Provided entries —
=-=-=-=-=

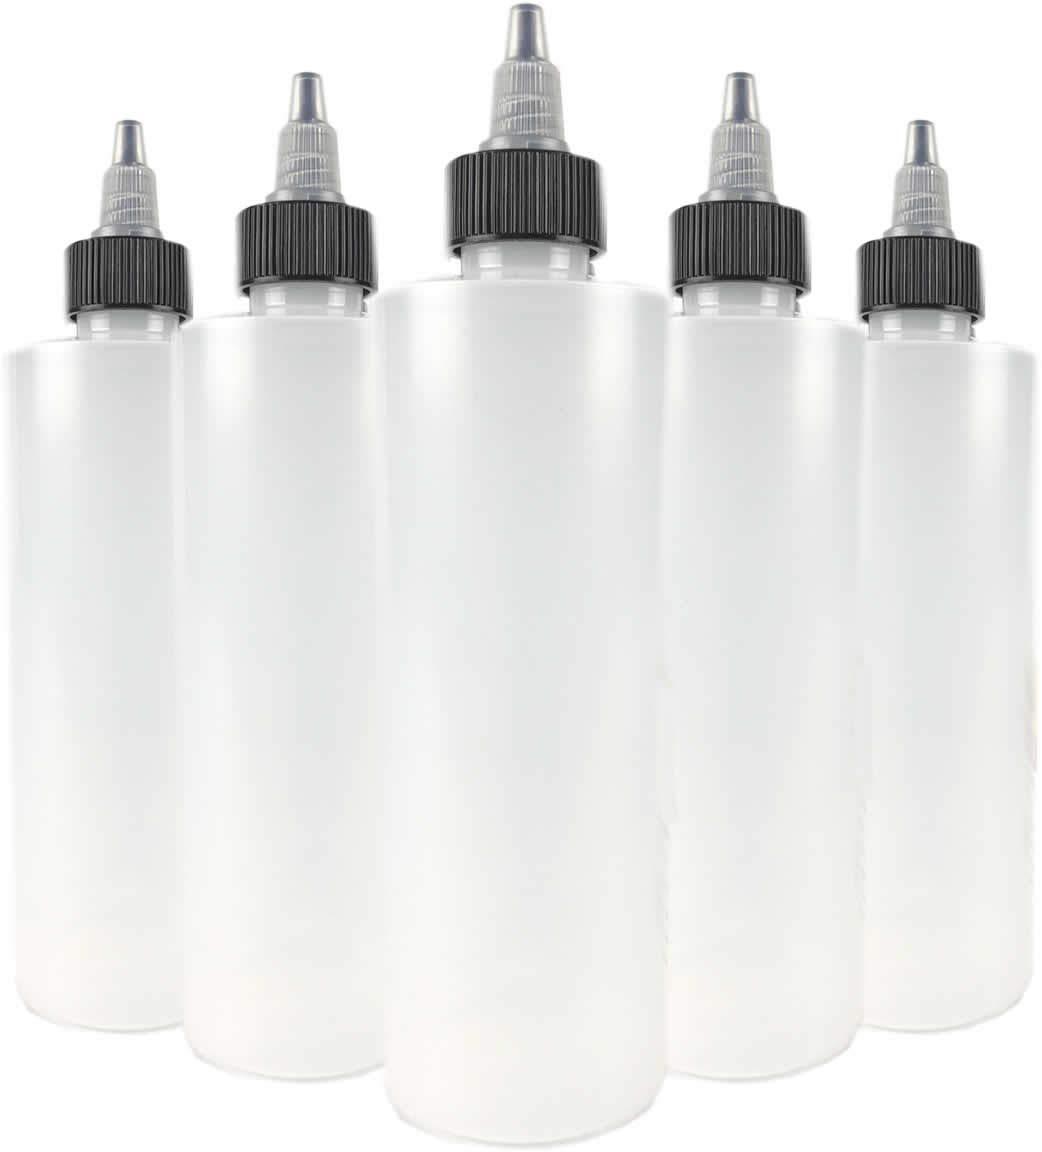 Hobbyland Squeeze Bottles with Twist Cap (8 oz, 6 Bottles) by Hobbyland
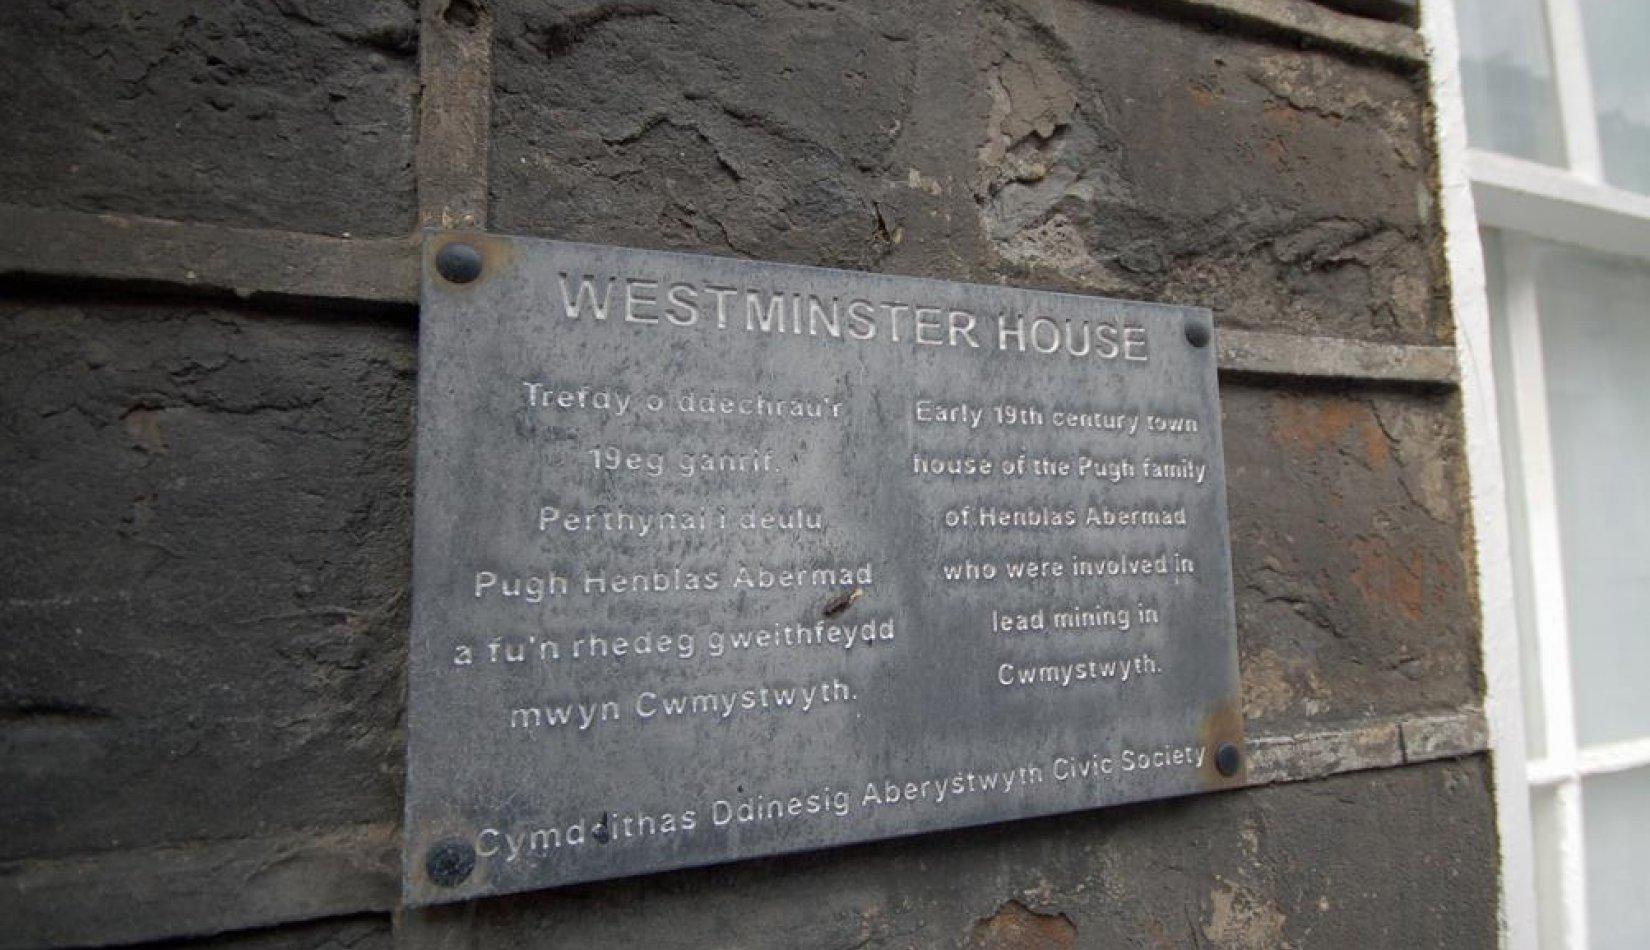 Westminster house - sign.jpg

=-=-=-=-=

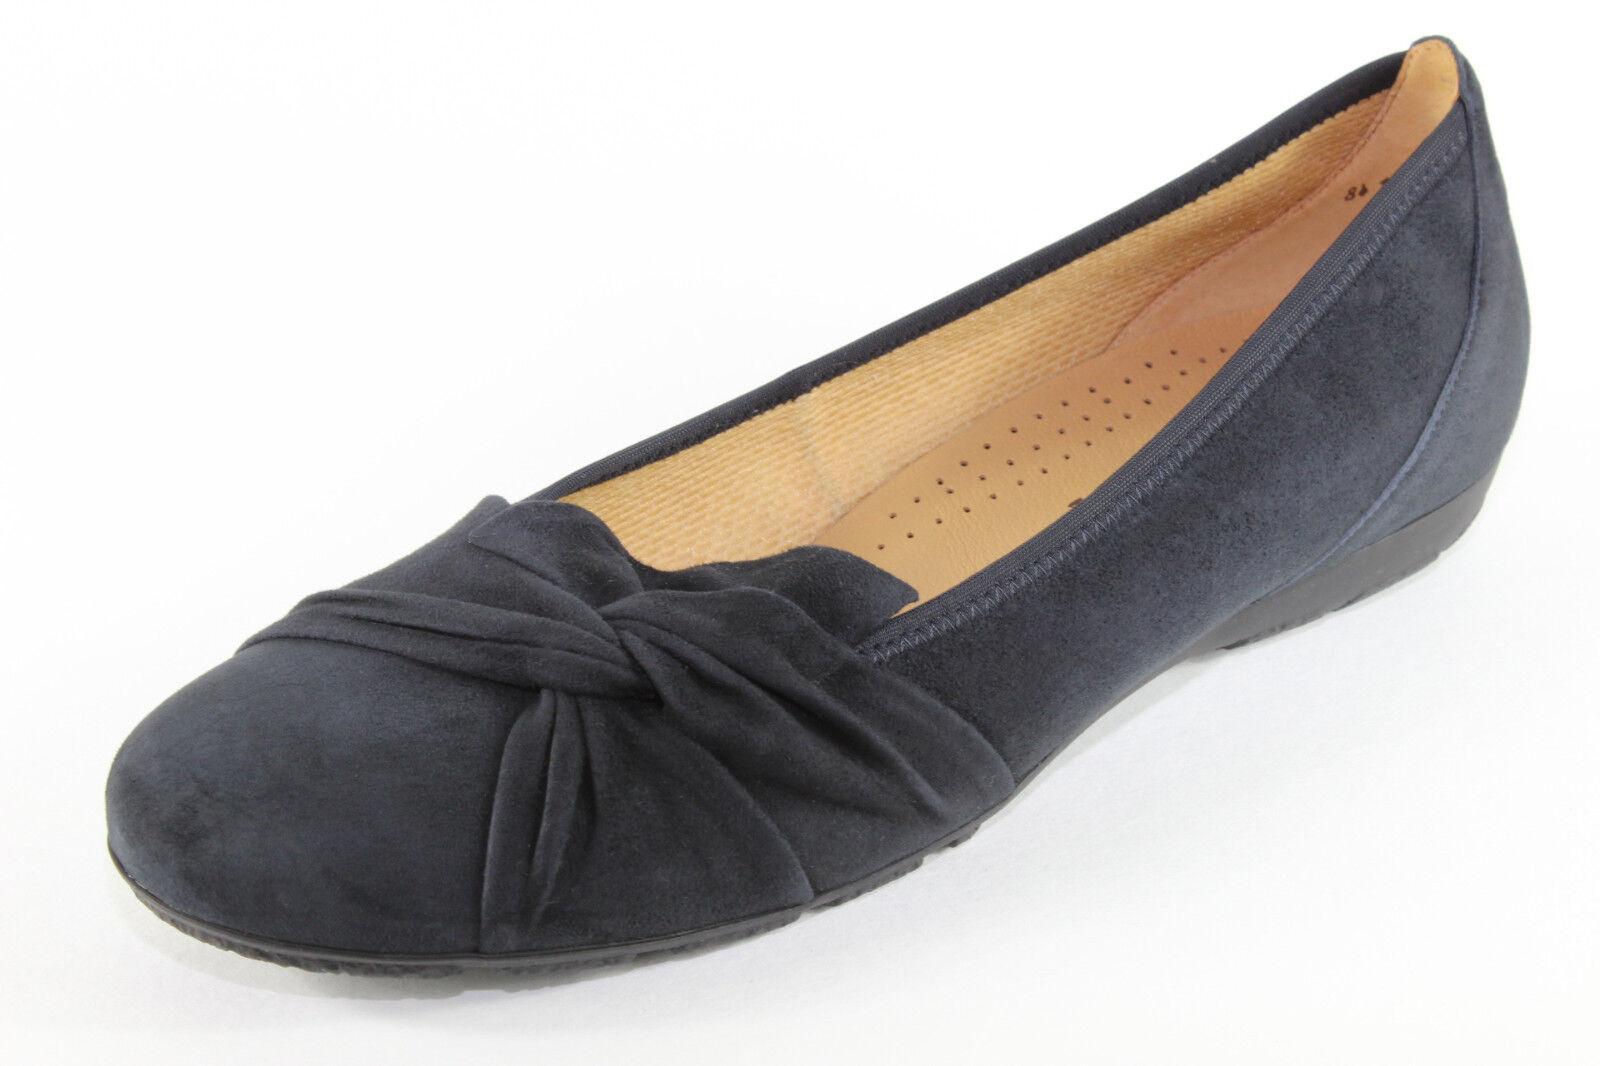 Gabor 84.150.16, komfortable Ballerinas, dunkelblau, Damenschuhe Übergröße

=-=-=-=-=

Task brief —
Your answer should be the exact lines above from the one containing "Hobbyland Squeeze Bottles" through the one containing "Westminster house - sign.jpg", with both end lines kept and the pictures removed, please.

Response to the task —
 Hobbyland Squeeze Bottles with Twist Cap (8 oz, 6 Bottles) by Hobbyland
 Westminster house - sign.jpg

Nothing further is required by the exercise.